Chapter 6
Conclusion and Prospective

 6.1 What Have We Learned About ISD in the Past Decade?
  6.1.1 About Dust Properties
  6.1.2 About Dust Evolution
 6.2 What Are the Open Questions for the Next Decade?
  6.2.1 Extragalactic Dust
  6.2.2 Dust Evolution Modeling
  6.2.3 Dusty Epiphenomena
  6.2.4 The Need for a New FIR Observatory
  6.2.5 The Public Image of Interstellar Dust
 6.3 Current Future Projects
  6.3.1 The Modelosaur Approach
  6.3.2 Out-of-the-Box Idea Bin

We look at the present through a rear view mirror. We march backwards into the future.
 
(Marshall MCLUHAN; McLuhan1967)

6.1 What Have We Learned About ISD in the Past Decade?

We have seen in Sect. 5.3.1 that ISD studies were particular because of the inherent complexity of the dust make-up and of the low weight of evidence provided by individual observables. This sometimes leads colleagues from other fields to think that our subject is messy and stalling. If we however integrate over a large number of studies, we can delineate some clear breakthroughs. I try the exercise of listing them here 1. This is of course a subjective account of the progress, biased by my own interests. The observations acquired by Herschel and Planck played an instrumental role in these.

6.1.1 About Dust Properties

Grain opacity. Herschel and Planck have brought invaluable information about the FIR and submm optical properties of dust grains, in the MW and nearby galaxies (cf. Sect. 3.1.3.3). Before that, the commonly-used opacities were a factor of 2 3 lower, biasing the dust masses one would estimate. We still do not know the exact constitution of interstellar grains and its evolution, but we know relatively well the zero level FIR-submm opacity they should have in the diffuse ISM of the MW and a few nearby galaxies.

Scaling relations. The large number of galaxies observed by Herschel and the effort to build homogeneous ancillary data samples have provided consistent estimates of the dust, stellar and gaseous properties for a large number of objects, with spatial resolution in numerous cases (cf. Sects. 4.2 – 4.3). These relations provide snapshots of galaxy evolution at different stages. They are now well sampled over most of the parameter space (metallicity, gas fraction and specific star formation rate). They are the main benchmarks dust evolution models must account for. The most important ones and the information they convey are the following.

Dust properties of low-metallicity systems.
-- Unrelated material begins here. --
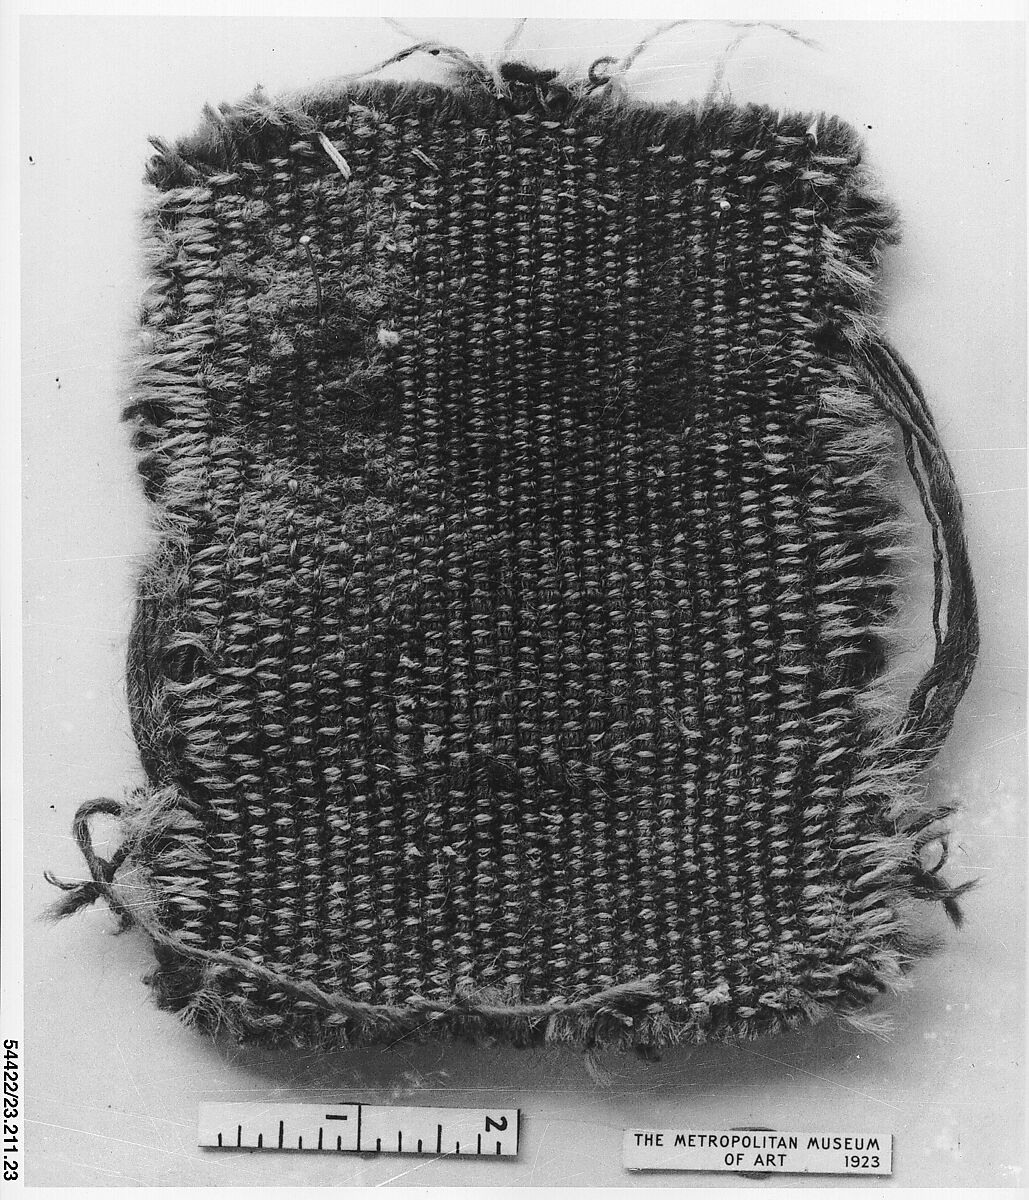 Rug fragment, Wool (Spanish knot; each knot tied on alternate warp threads with six weft threads inserted after each row of knots.), Spanish

I have emphasized in Sect. 4.3 that low-metallicity systems (i.e. dwarf galaxies) were crucial to constrain dust evolution models, because they sample a different grain production regime than higher metallicity objects. Herschel has provided us with the first FIR SEDs of extremely low-metallicity galaxies that were decisive in understanding the early stages of dust evolution.

The Submillimeter excess. Twenty years after its discovery the submm excess is still a mysterious epiphenomenon (cf. Sect. 3.2.2.1). In the last years: (i) several studies have hinted that it could be more prominent in diffuse regions of galaxies; and (ii) a new physical process that could explain its origin has been proposed (magnetic grains).

The AME. The AME has, for the first time, been detected in extragalactic systems (cf. Sect. 3.2.2.2). To our humble opinion, the debate about its origin (PAHs or nanosilicates) is closed, in favor of PAHs.

Stoichiometry and grain structure. Important progress has been made constraining the grain structure and stoichiometry using X-ray edge absorption. The results are sometimes difficult to understand, such as the high crystalline fraction discussed in Sect. 2.2.1.3. The technics are however promising and will revolutionize our understanding of the dust constitution, when ATHENA will be observing.

Dust models. A few dust models have been published in the last decade. The THEMIS model (cf. Sect. 2.3.2.2) is, in our opinion, the most innovative for the following reasons.

Polarization. Whole-sky submm polarized emission maps have been produced by Planck, at several wavelengths (cf. Sect. 2.2.2.2). On top of permitting unprecedented studies of the magnetic field, they provide evidence that the bulk of the large grain emission is homogeneous in size and composition.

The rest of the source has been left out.